* _Task instructions_:
What you give back must match the data exactly, minus the pictures.

* _Given information_:
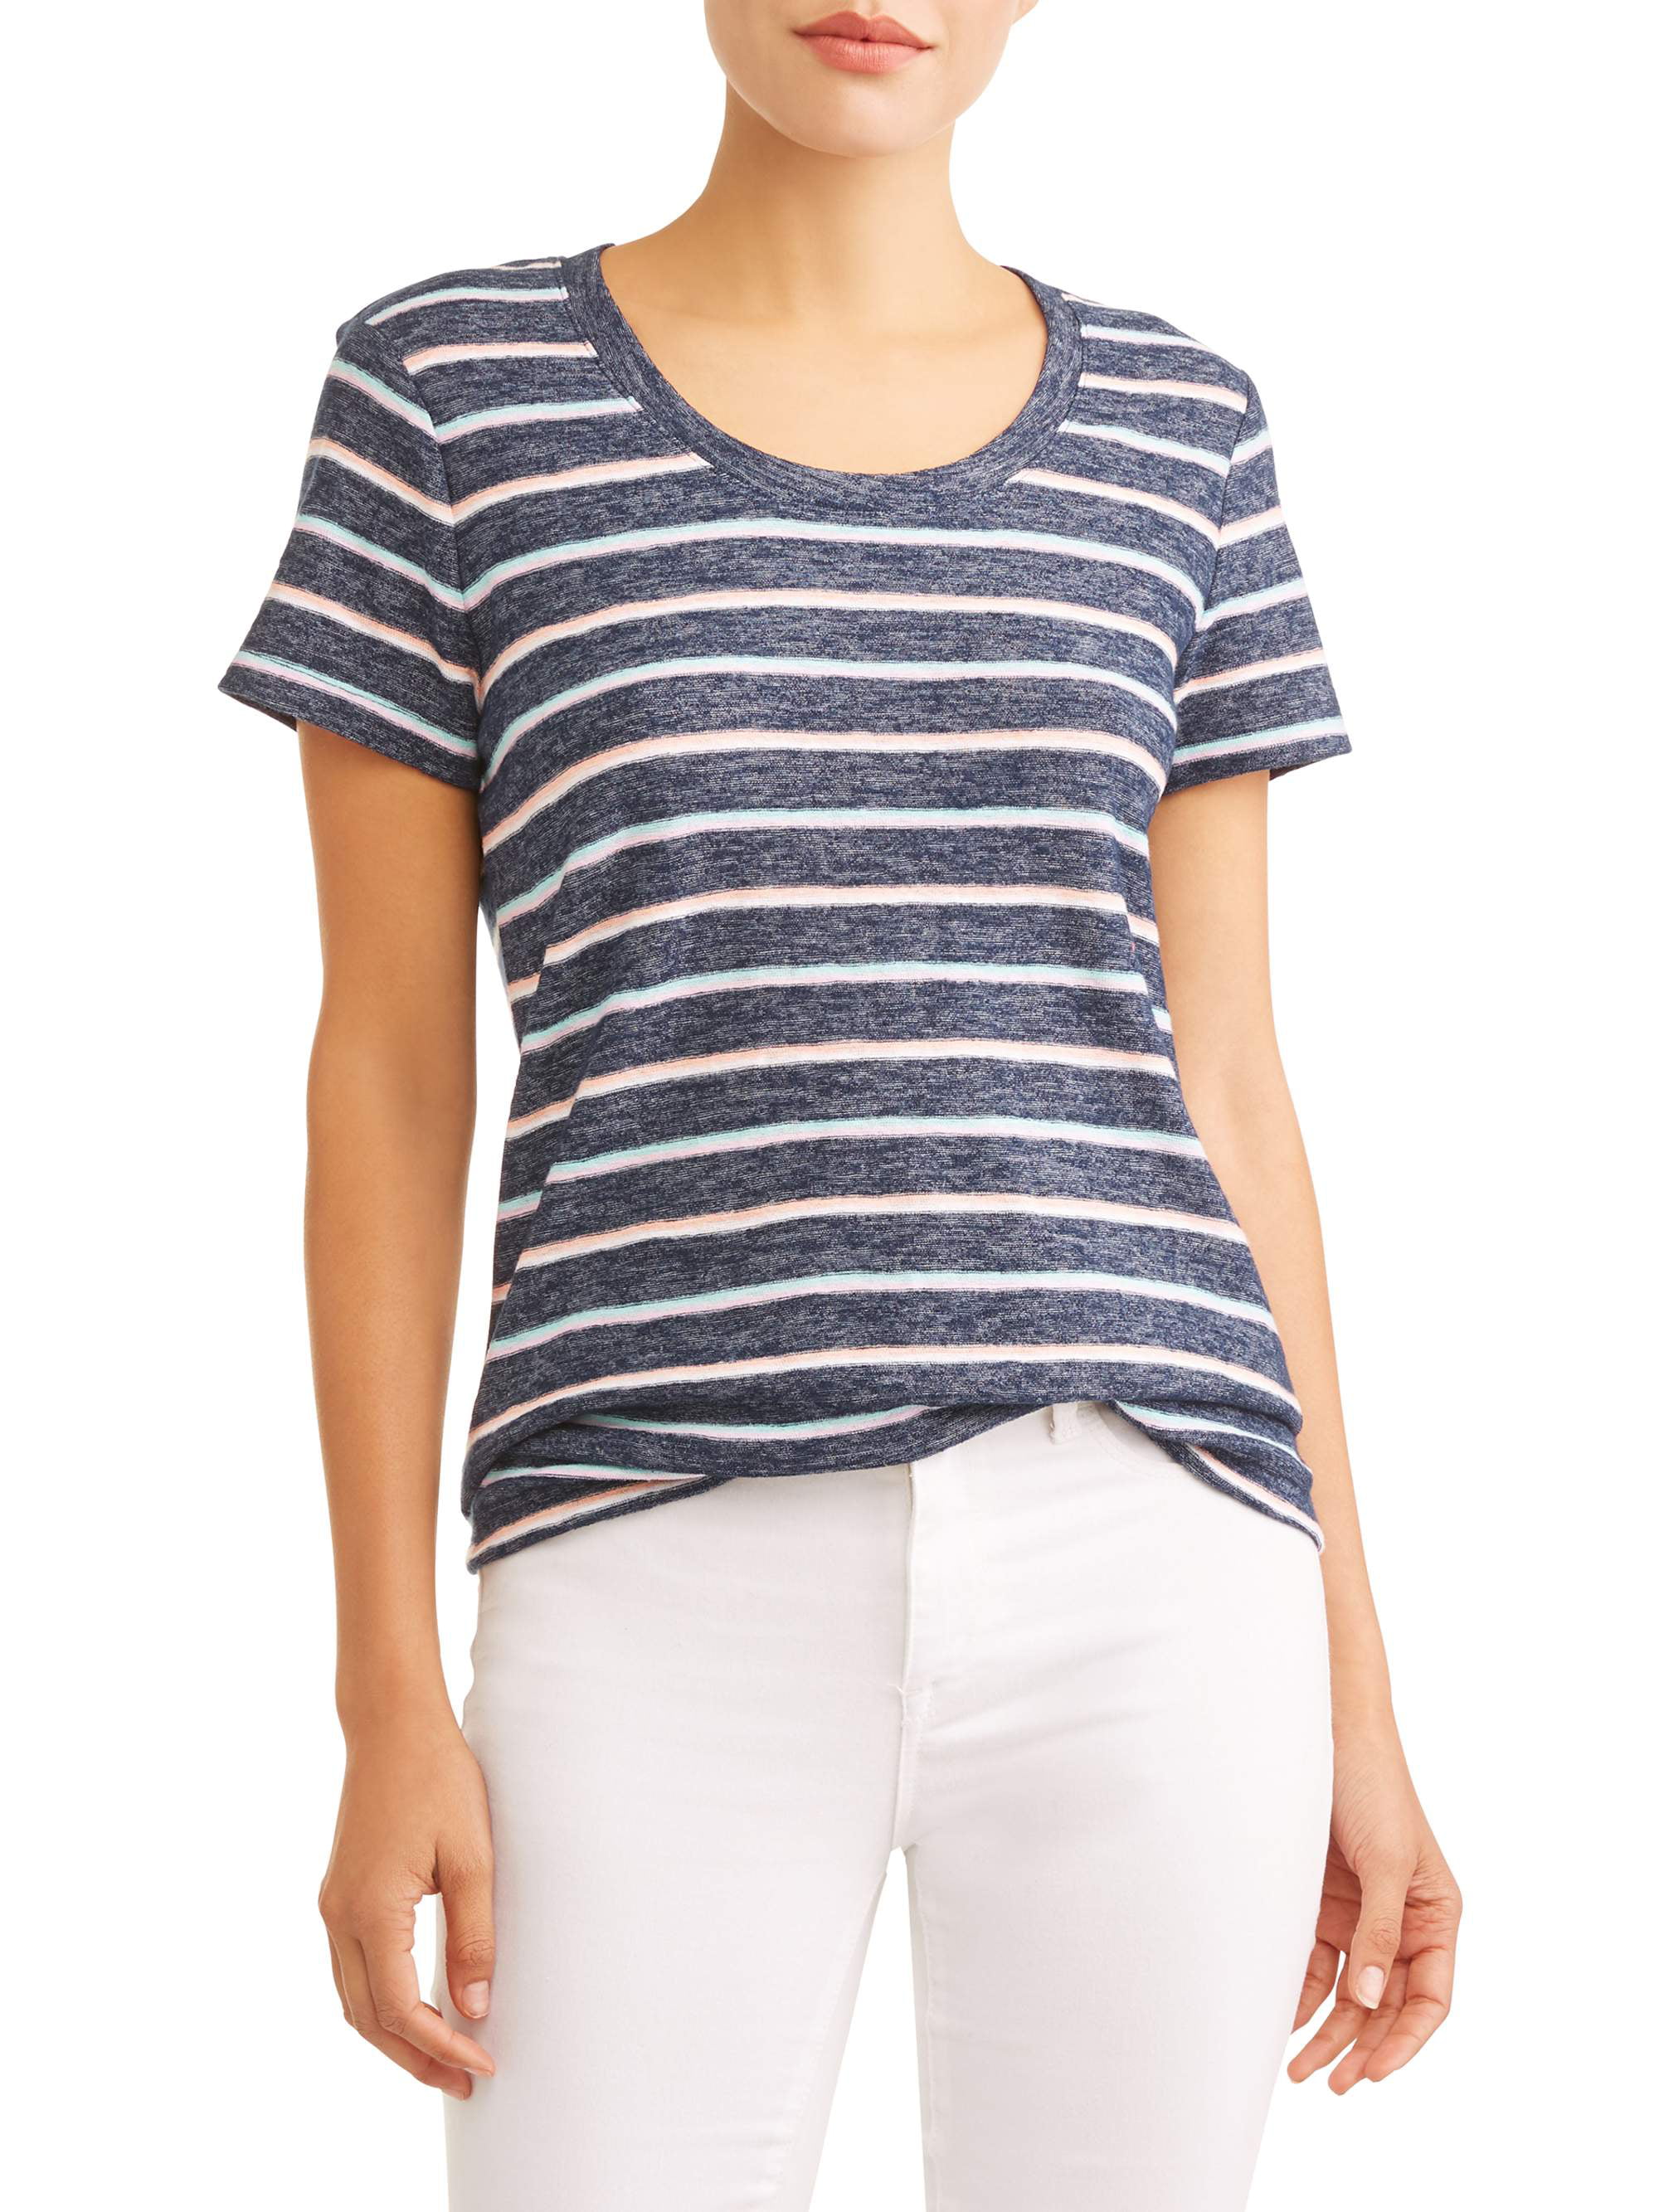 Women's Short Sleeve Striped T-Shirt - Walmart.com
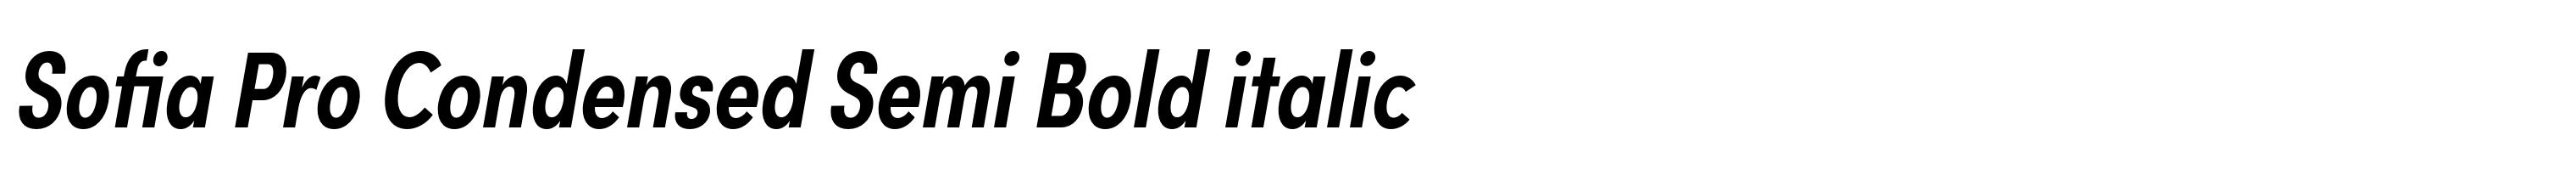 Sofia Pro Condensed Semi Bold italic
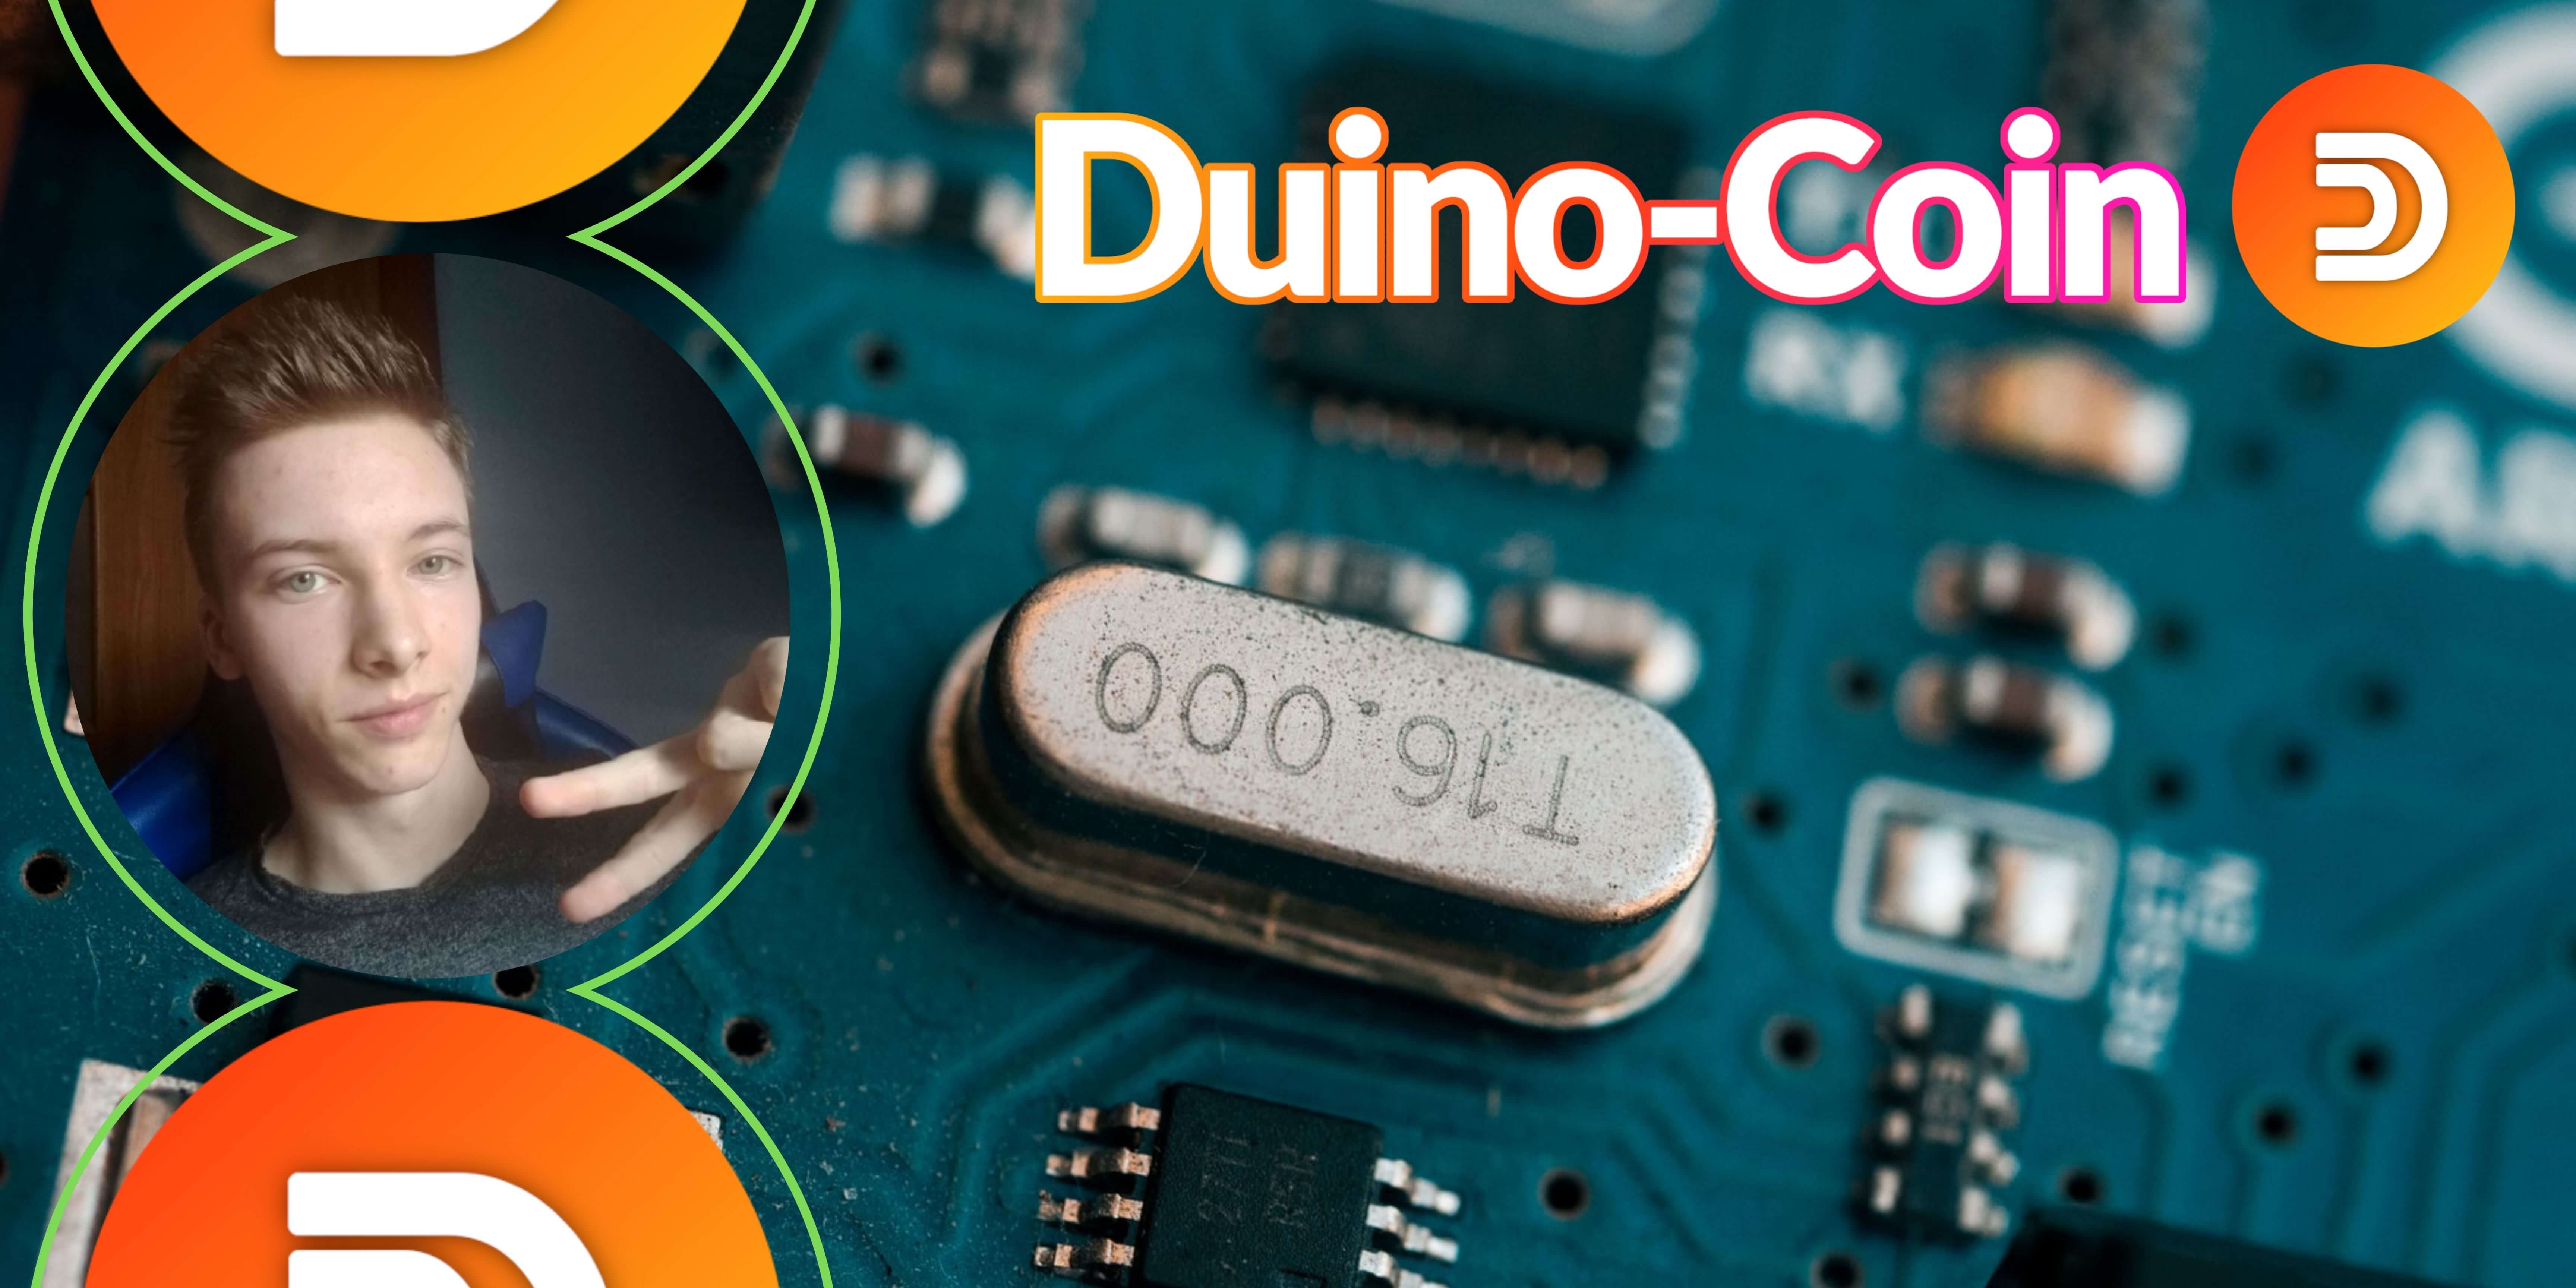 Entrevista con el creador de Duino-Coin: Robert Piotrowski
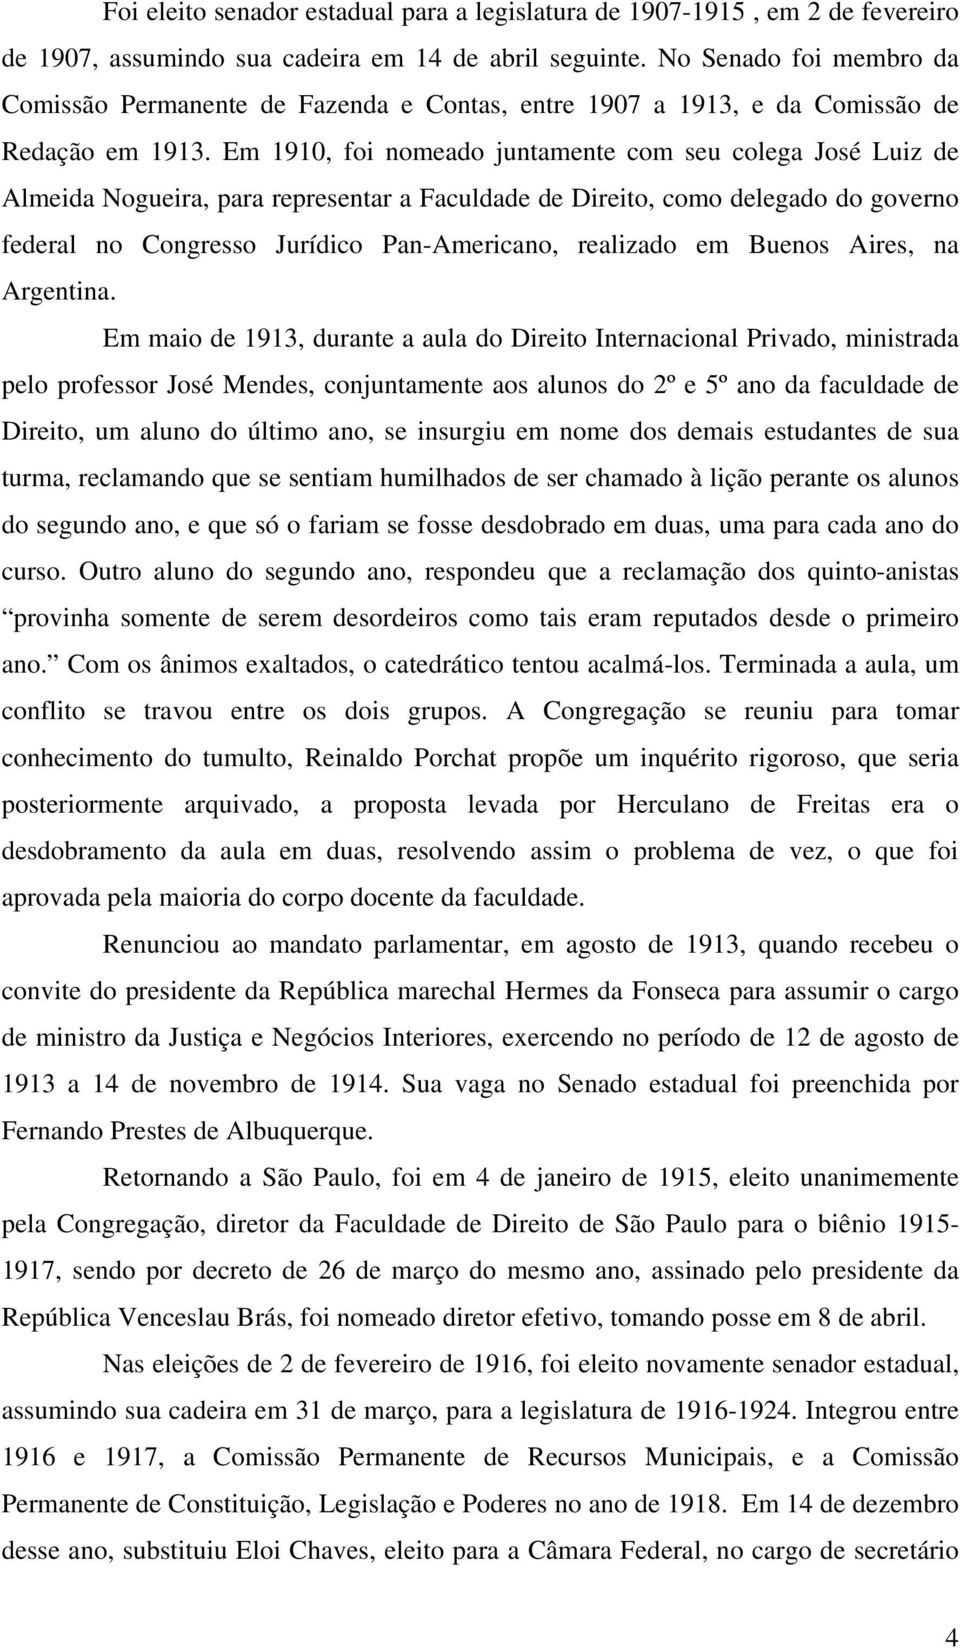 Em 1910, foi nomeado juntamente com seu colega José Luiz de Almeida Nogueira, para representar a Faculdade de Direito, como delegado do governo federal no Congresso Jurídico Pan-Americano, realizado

* _Task output_:
 Women's Short Sleeve Striped T-Shirt - Walmart.com
 Sofia Pro Condensed Semi Bold italic
 Entrevista con el creador de Duino-Coin: Robert Piotrowski
 Em 1910, foi nomeado juntamente com seu colega José Luiz de Almeida Nogueira, para representar a Faculdade de Direito, como delegado do governo federal no Congresso Jurídico Pan-Americano, realizado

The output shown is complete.